Step 5, from original state, word for word reads text, carries out state transition according to jump list.Wherein, fail redirect need to be carried out immediately, and, in the time that state A inputs certain character X and fail occurs jumps to state B, X character need to continue to input to state B, if B does not still have the redirect of X character.Still need fail to jump to next state, the rest may be inferred, until fail jumps to original state, or fail jumps to the state that has the redirect of X character.

Step 6, in the time jumping to the state of suffix mark, is exported the whole word information of preserving in this state.

In sum, the present invention is ensureing under the prerequisite of correctness for the automation method of this INFORMATION DISCOVERY of Massive short documents, utilize automation method greatly to improve the efficiency of mass text INFORMATION DISCOVERY, while utilizing the method for Hash table to reduce automat redirect, search the consuming time of jump list, whole-course automation, user experiences close friend.

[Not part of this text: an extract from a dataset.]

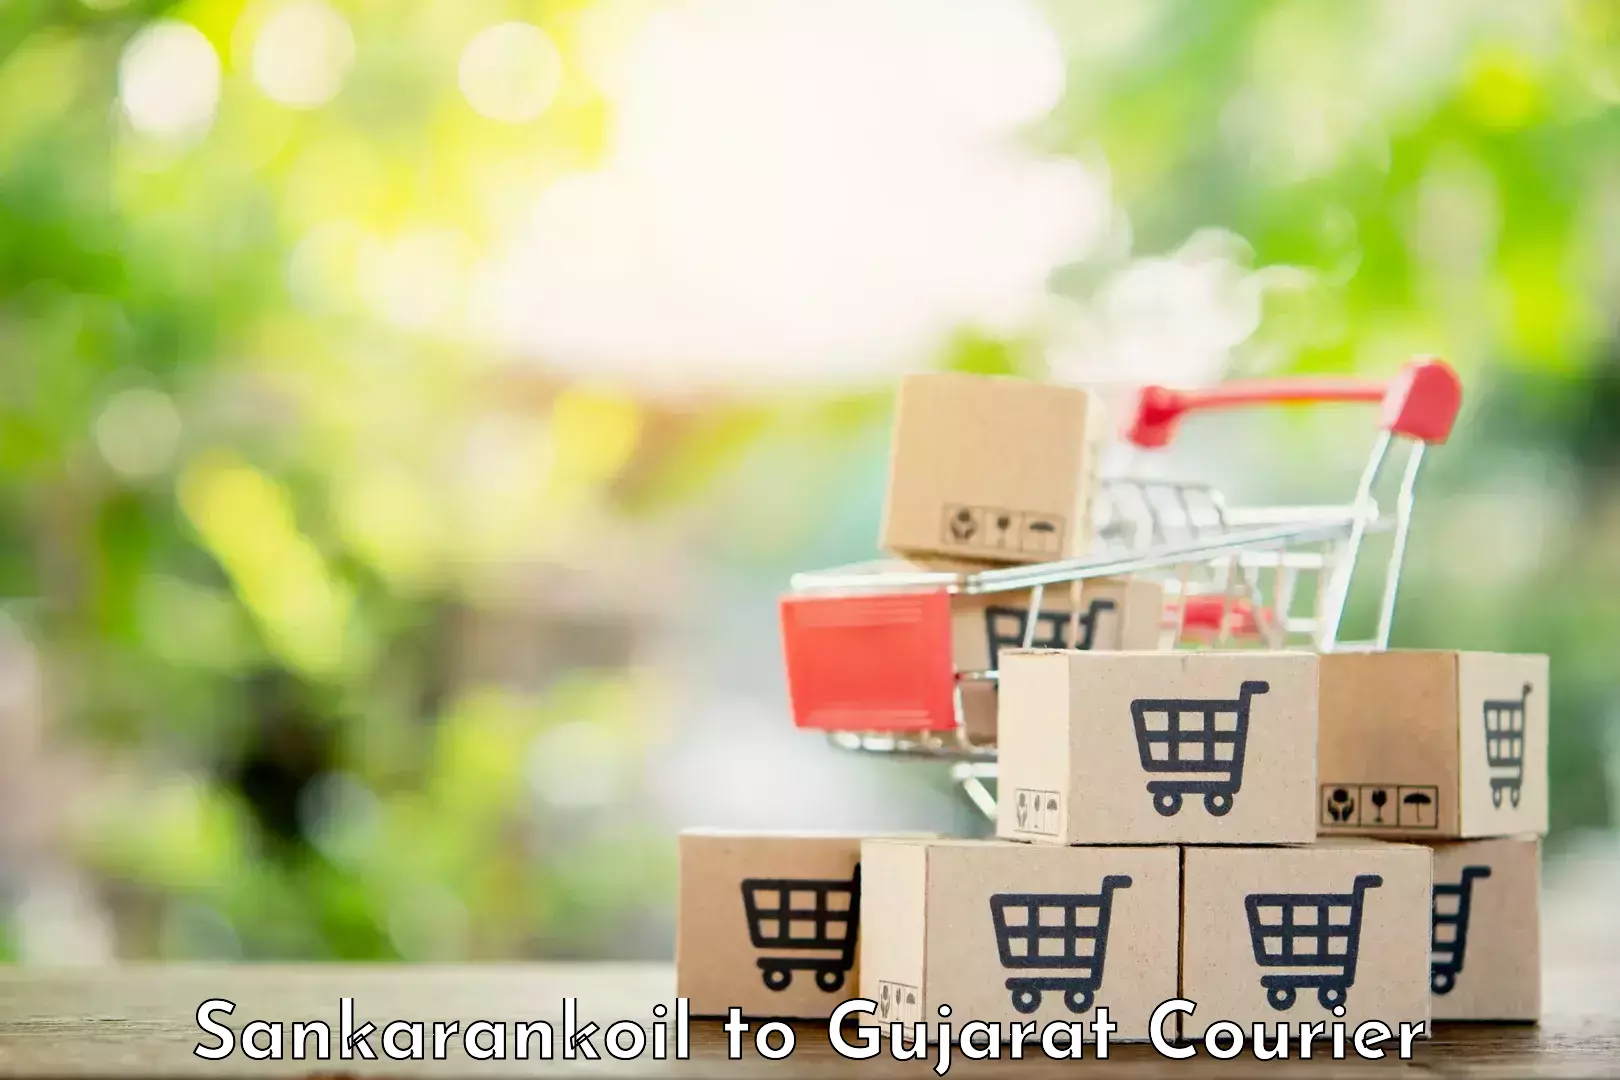 Reliable courier service Sankarankoil to Gujarat
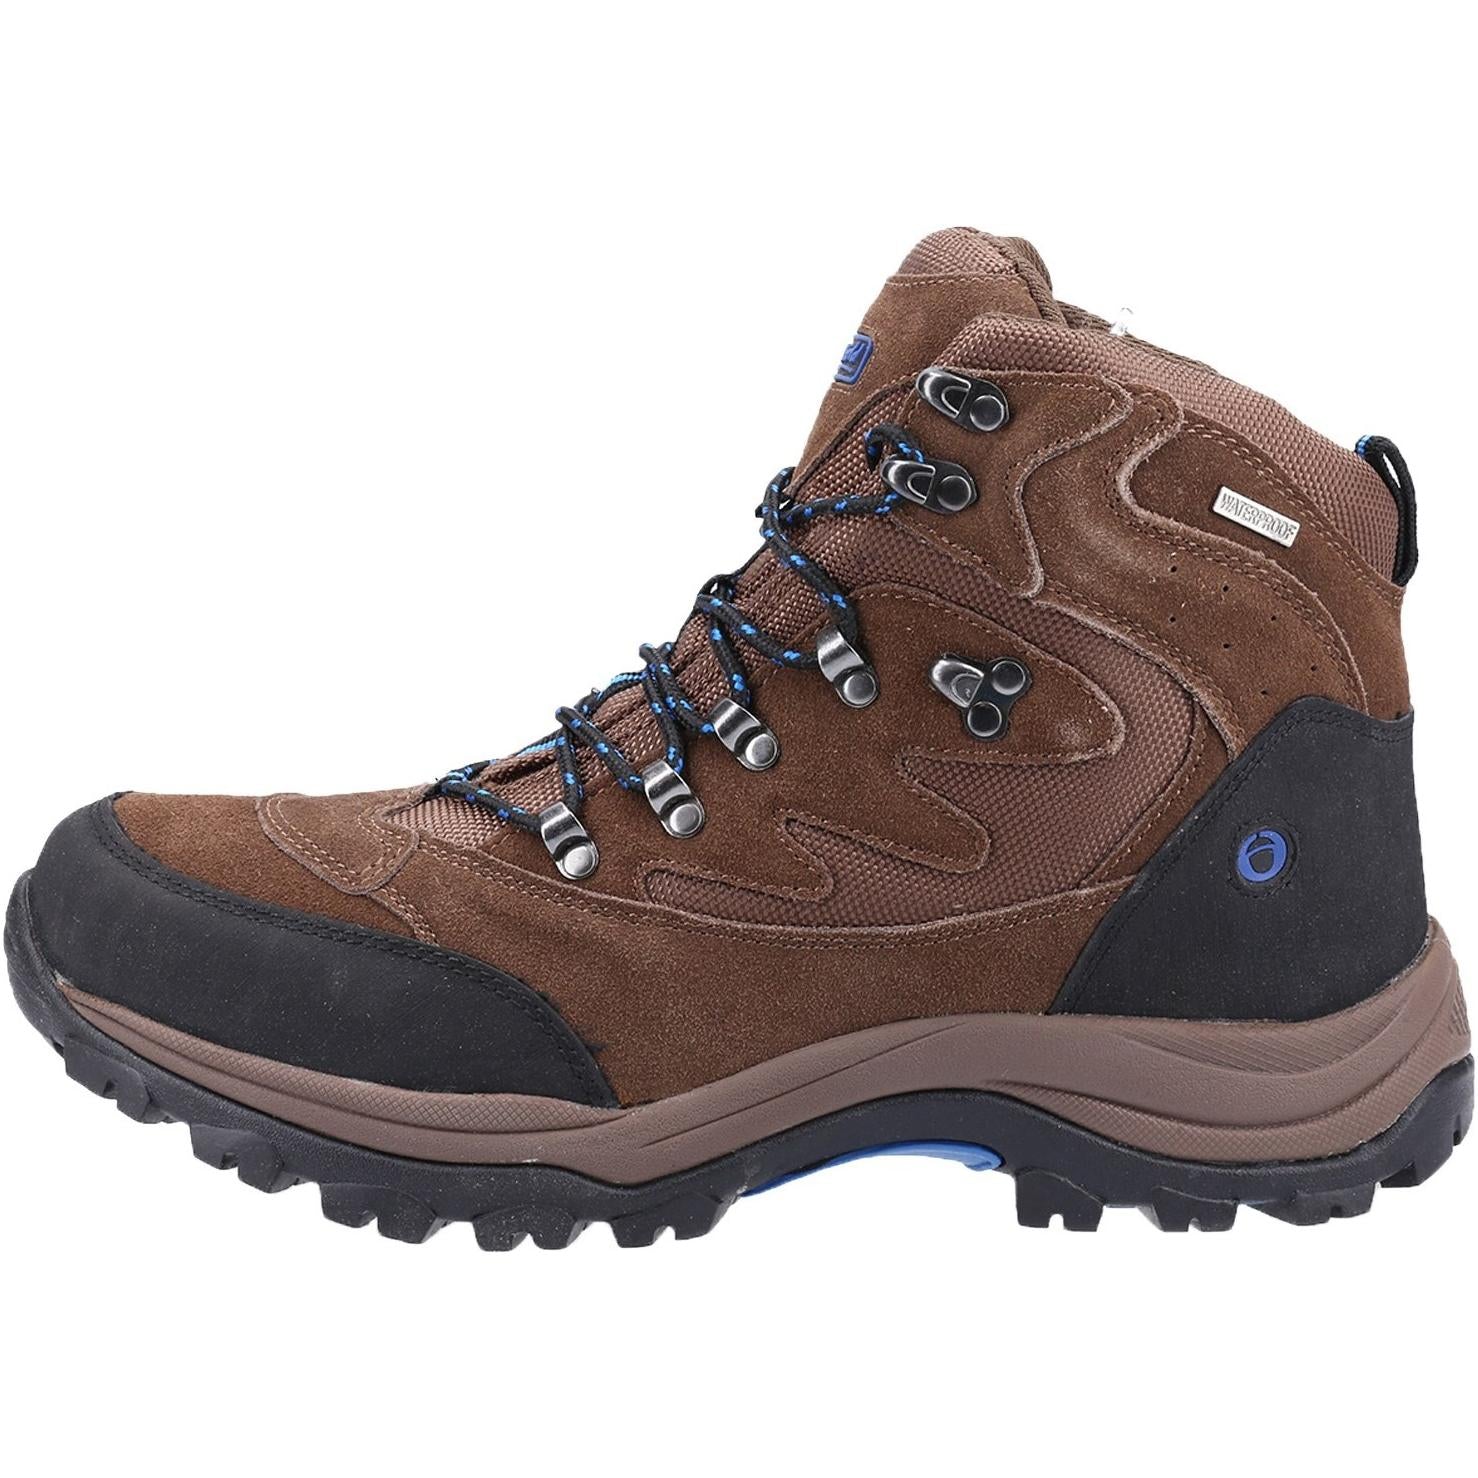 Cotswold Oxerton Waterproof Hiker Boots

Although the present invention discloses as above with preferred embodiment, so it is not in order to limit the present invention.Persond having ordinary knowledge in the technical field of the present invention, without departing from the spirit and scope of the present invention, when being used for a variety of modifications and variations.Therefore, protection scope of the present invention is when being as the criterion depending on claims person of defining.

Claims

1. for the automation method of this INFORMATION DISCOVERY of Massive short documents, it is characterized in that, comprise the steps:

1) automat is set up:

C is that each suffix state adds suffix mark and whole word information;

D is that each node adds fail redirect;

E finishes;

2) automat operation:

C finishes.

2. the automation method for this INFORMATION DISCOVERY of Massive short documents according to claim 1, is characterized in that, wherein step 1) said Trie tree is a kind of tree structure in-a, its advantage is to utilize the common prefix of character string to reduce query time.The Trie tree construction that this step completes is the framework of automat.

3. the automation method for this INFORMATION DISCOVERY of Massive short documents according to claim 1, it is characterized in that, wherein step 1) object of setting up Hash table for the jump information of each node in-b be by query conversion for calculating, reduce the expense of inquiry jump list.Hash table adopts dynamic Hash table method herein, and initial capacity is 16, and load factor is fixed as 0.75.In the time that the entry in Hash table is greater than current capacity and is multiplied by load factor, can automatically perform the double operation of capacity, and carry out rehash operation, the entry in table is added in new table again.

4. the automation method for this INFORMATION DISCOVERY of Massive short documents according to claim 1, is characterized in that, wherein step 1) whether suffix mark has identified keyword for identify current state in the time that automat moves in-c.The object of adding whole word information is by the keyword output of having identified.

5. the automation method for this INFORMATION DISCOVERY of Massive short documents according to claim 1, is characterized in that, wherein step 1) in-d fail redirect refer in the time that input character can not find out in current jump list, the state of the down hop of acquiescence.What the fail redirect of a certain state was pointed to is the longest suffix that comprises that can realize redirect of the input character of current state, wherein the input character of state refers to from original state and transfers to the shortest character string that this state need to be inputted, and comprises suffix and refers to character string except all suffix self.

6. the automation method for this INFORMATION DISCOVERY of Massive short documents according to claim 1, it is characterized in that, wherein step 2) skip operation it should be noted that in-a, fail redirect is carried out immediately, when fail occurring in the time that state A inputs certain character X and jumping to state B, X character need to continue to input to state B, and the rest may be inferred, until end-state is original state, or there is the redirect of X character.